TRY IT:
Within the data that follows, set down exactly the lines from the one containing "Lyst Berluti Chelsea Boots In Brown For Men" through the one containing "Phytodren - Hardcore", both ends included.

TASK DATA:
********************

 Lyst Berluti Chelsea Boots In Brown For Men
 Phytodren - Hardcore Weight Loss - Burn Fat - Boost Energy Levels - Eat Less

********************

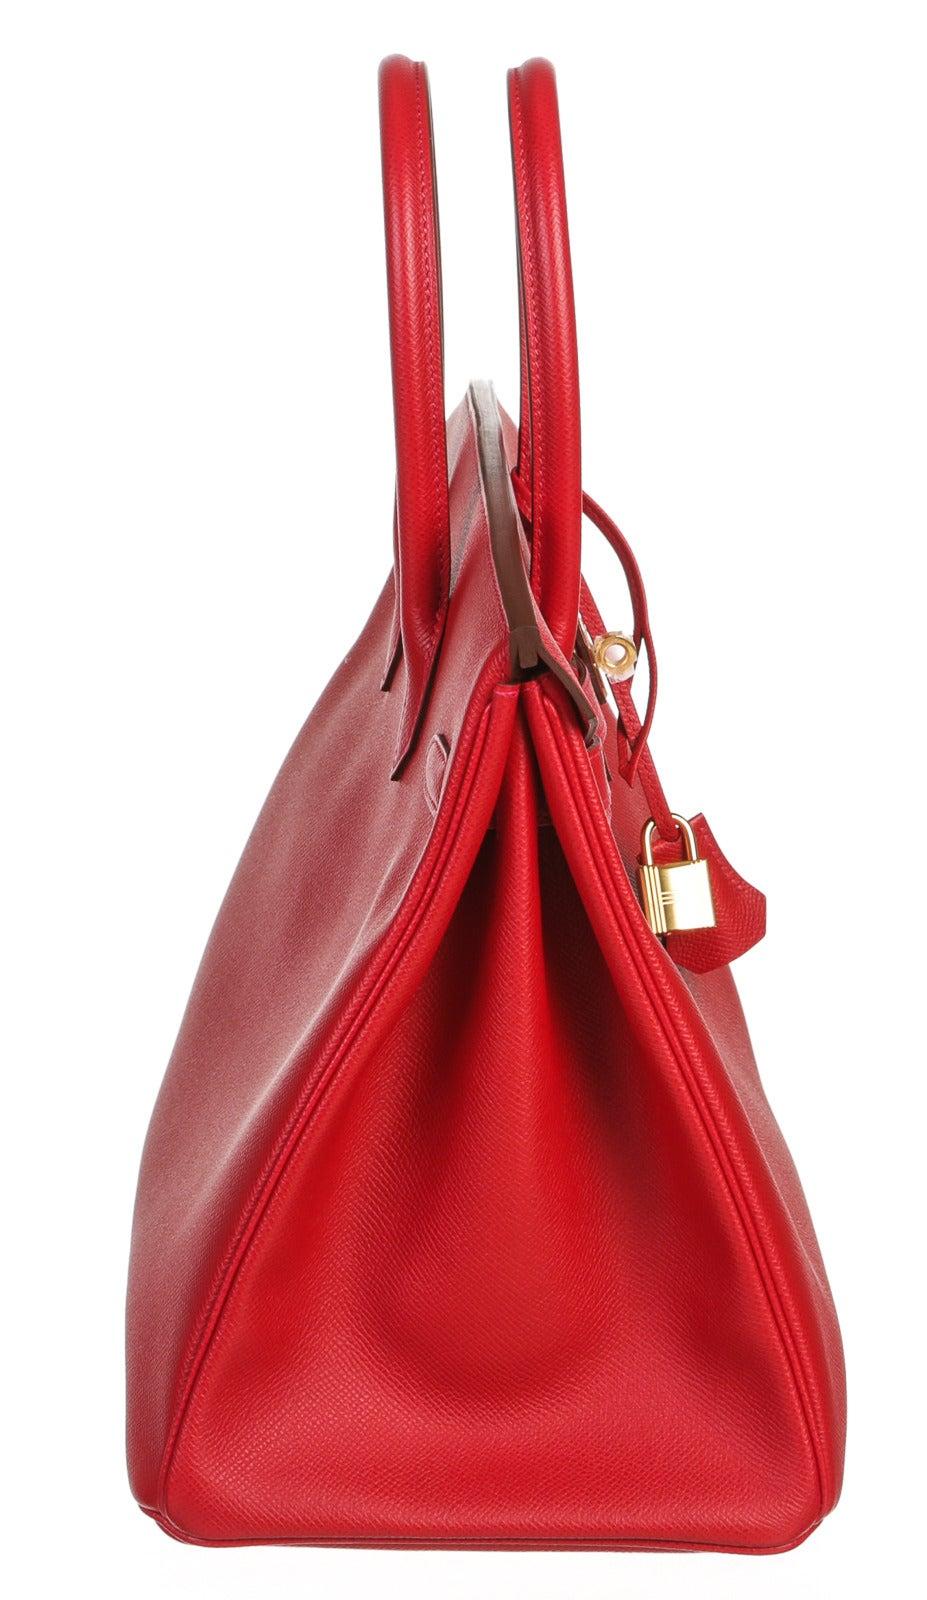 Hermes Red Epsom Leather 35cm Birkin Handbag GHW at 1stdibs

********************

WRITTEN ANSWER:
 Lyst Berluti Chelsea Boots In Brown For Men
 Phytodren - Hardcore Weight Loss - Burn Fat - Boost Energy Levels - Eat Less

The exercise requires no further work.